6.1.7 Invloed van de woning of woonvorm op de hulp bij het huishouden
Een grotere woning leidt niet vanzelfsprekend tot meer uren hulp. Er wordt uitgegaan van het niveau van sociale woningbouw. Dus bijvoorbeeld: een inpandig zwembad wordt niet meegerekend bij de urenopbouw van de indicatie.
In vakantiewoningen, tweede woningen, hotels/pensions, kamerhuur wordt in beginsel geen hulp bij het huishouden verstrekt.
6.1.8 Weigeren uitvoeren huishoudelijk werk
Redenen als ‘niet gewend zijn om’ of ‘geen huishoudelijk werk willen en/of kunnen verrichten’ leiden niet tot een indicatie voor het overnemen van huishoudelijke taken.
Het zichzelf kunnen verplaatsen is essentieel bij zelfredzaamheid en participatie.
Wij onderscheiden de volgende rolstoelvoorzieningen:
Een deel van de aanpassingen aan de rolstoel is vastgelegd in de aanbesteding en hoeven niet apart vergoed te worden. Rolstoelaccessoires, zoals schootkleden, regencape, parasol, (boodschappen-)tassen etc., worden niet vergoed.
Voor rolstoelen die kortdurend of incidenteel gebruikt worden kan een beroep worden gedaan op de uitleenservice. Voorliggend zijn de rolstoelpools in verzorgingshuizen waar het gaat om transportdoeleinden. In de regel wordt voor een transportrolstoel een voucher verstrekt, afhankelijk van de te verwachten gebruiksduur. Daarnaast kunnen bewoners van een instelling, die voorheen AWBZ-instelling werd genoemd, kunnen voor een rolstoel een beroep doen op de Wet langdurige zorg (Wlz).

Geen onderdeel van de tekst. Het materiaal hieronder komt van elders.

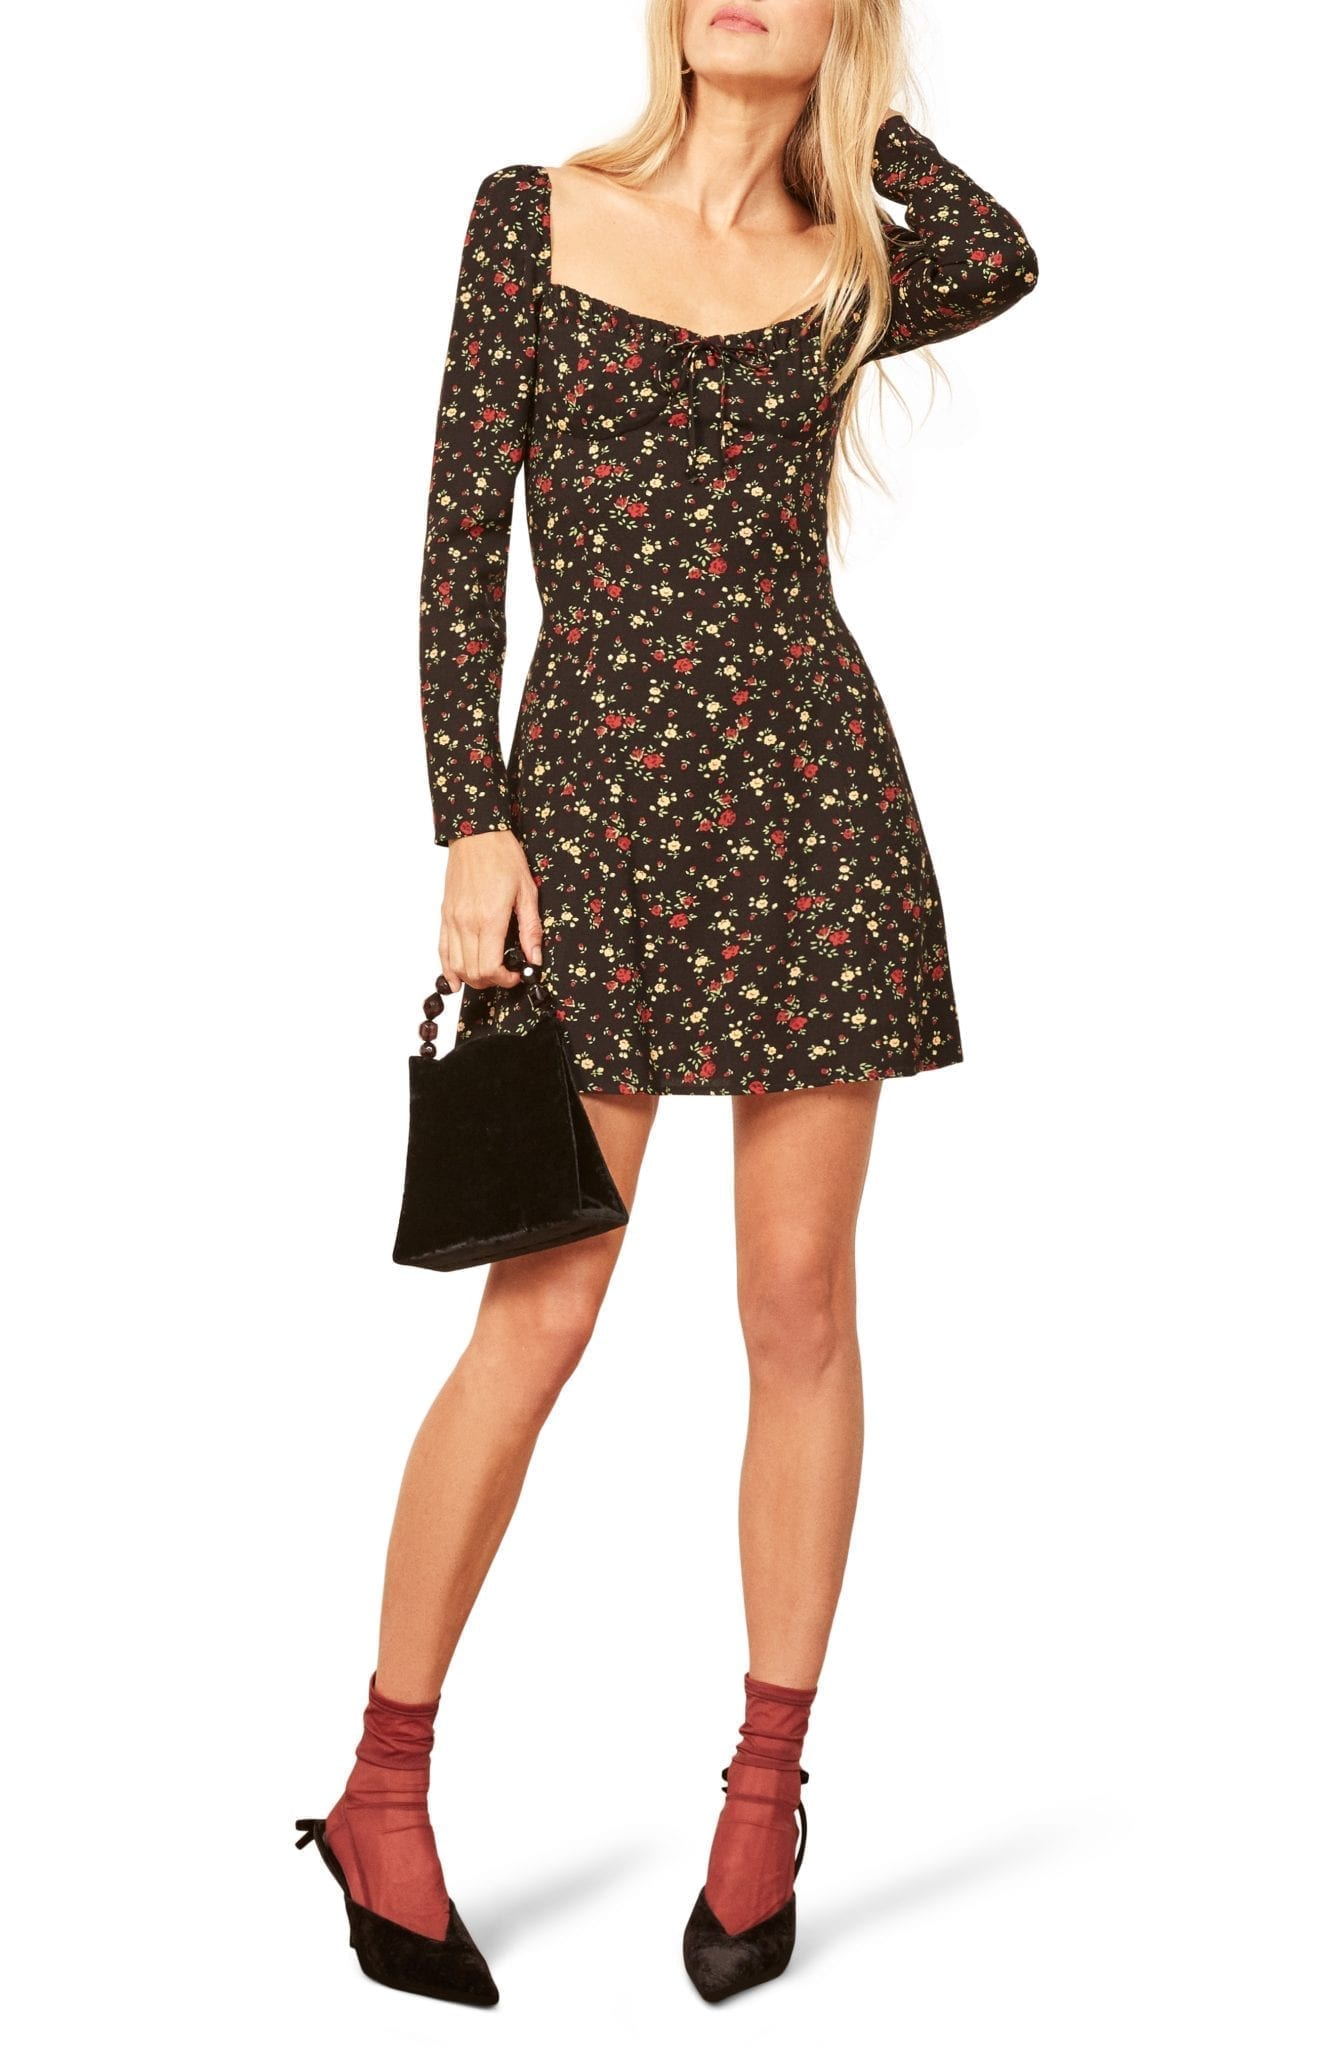 REFORMATION Sydney Sweetheart Mini Black / Floral Printed Dress

Sporten kan een belangrijk middel tot participatie zijn. Wanneer het voor de cliënt zonder sporthulpmiddel niet mogelijk is om een sport te beoefenen en de kosten hiervoor aanzienlijk hoger zijn -dan de gebruikelijke kosten die een persoon zonder beperkingen heeft voor dezelfde (of een vergelijkbare) sport-, kan een sportvoorziening worden verstrekt. Dat kan een sportrolstoel zijn maar ook een ander hulpmiddel. Op grond van eerdere regelgeving Wmo en jurisprudentie kan worden gesteld dat het redelijk is om maximaal eens per drie jaar hiervoor een vergoeding te verstrekken. De aanvrager moet aantonen dat er sprake is van een actieve sportbeoefening. De ervaring leert dat sportclubs , sponsors of fondsen vaak bereid zijn een deel van de kosten te vergoeden. Bovendien kost sporten zonder beperking ook geld dus mag van de aanvrager zelf ook worden verwachten dat hij een deel van de kosten draagt.
Om langer zelfstandig te kunnen blijven wonen in de eigen leefomgeving (dat kan de eigen woning zijn of een geschiktere woning in dezelfde omgeving) zijn er tegenwoordig veel voorzieningen die dit mogelijk maken.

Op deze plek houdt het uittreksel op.